EDITORIAL: Plastic is composed of major toxic pollutants that tend to harm the environment, and over some decades it has started to impacting the natural ecosystem negatively, which is creating problems for wildlife and human life alike. According to a study, of about 12 million pieces of litter found in and around rivers, oceans, shorelines and seafloor eight out of 10 are made of plastic.
And 44 percent of this plastic litter related to take-out food and drinks. Single-use bottles, food containers and wrappers, and plastic bags made up the biggest share.
Over the last several years the environmental lobbyists have been trying to persuade the governments to outlaw the single-use plastic items, but not with much success. It is instructive to note that it was on Saturday that Britain’s environment department announced that England would ban a range of single-use plastic items in an effort to limit soaring plastic pollution, and the ban would come into effect in the autumn of 2023. It is said that the new ban would also include single-use plastic trays, balloon sticks and some types of polystyrene cups and food containers.
The decision follows a public consultation by the government in which 95 percent of respondents were in favour of ban. The department seems to have rightly realised that most plastics can remain intact for centuries and damage oceans, rivers and land.
Quite a few countries, including Bangladesh, have banned use of single-use plastic items, and of the South Asian countries Pakistan is last on the list.
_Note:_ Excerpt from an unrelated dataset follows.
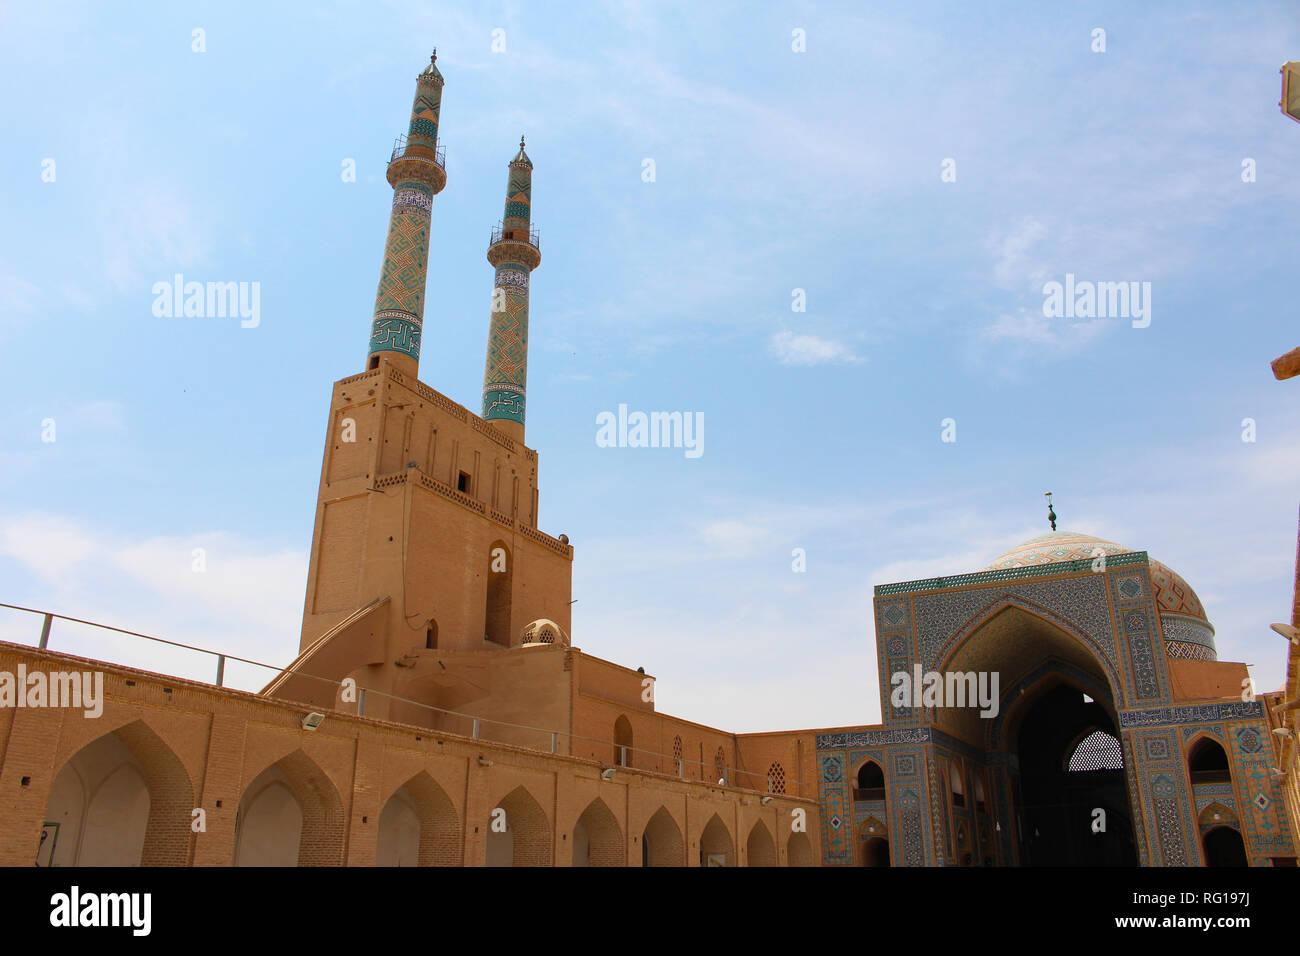 Amir Chakhmaq Complex in Yazd, Iran. Amir Chakhmaq Complex is a Mosque in Yazd, Iran. It also contains a caravanserai, a tekyeh, a bathhouse, and a co - Stock Image

According to a two-year-old figure, more than 3.3 million tonnes of plastic is wasted annually in Pakistan, and most of it ends up in landfills, unmanaged dumps or strewn about land and water bodies, choking the cities’ drainage systems and massively contributing to urban flooding. Of course some attempts on the part of concerned authorities are made to control disposal of single-use plastic items, but their plans refuse to climb down from the drawing board.
For instance, in 2020, the government issued an SRO to ban the plastic bags in federal capital and some other cities. But the ban soon succumbed to resistance from the shopkeepers and the shoppers alike. Since governance in today’s Pakistan is intensely politicised no politician is trying to find out why the ban on single-use plastic items has not come into force. Ideally, the civil society and media should raise their voices against the mounting environmental threat posed by toxic plastic.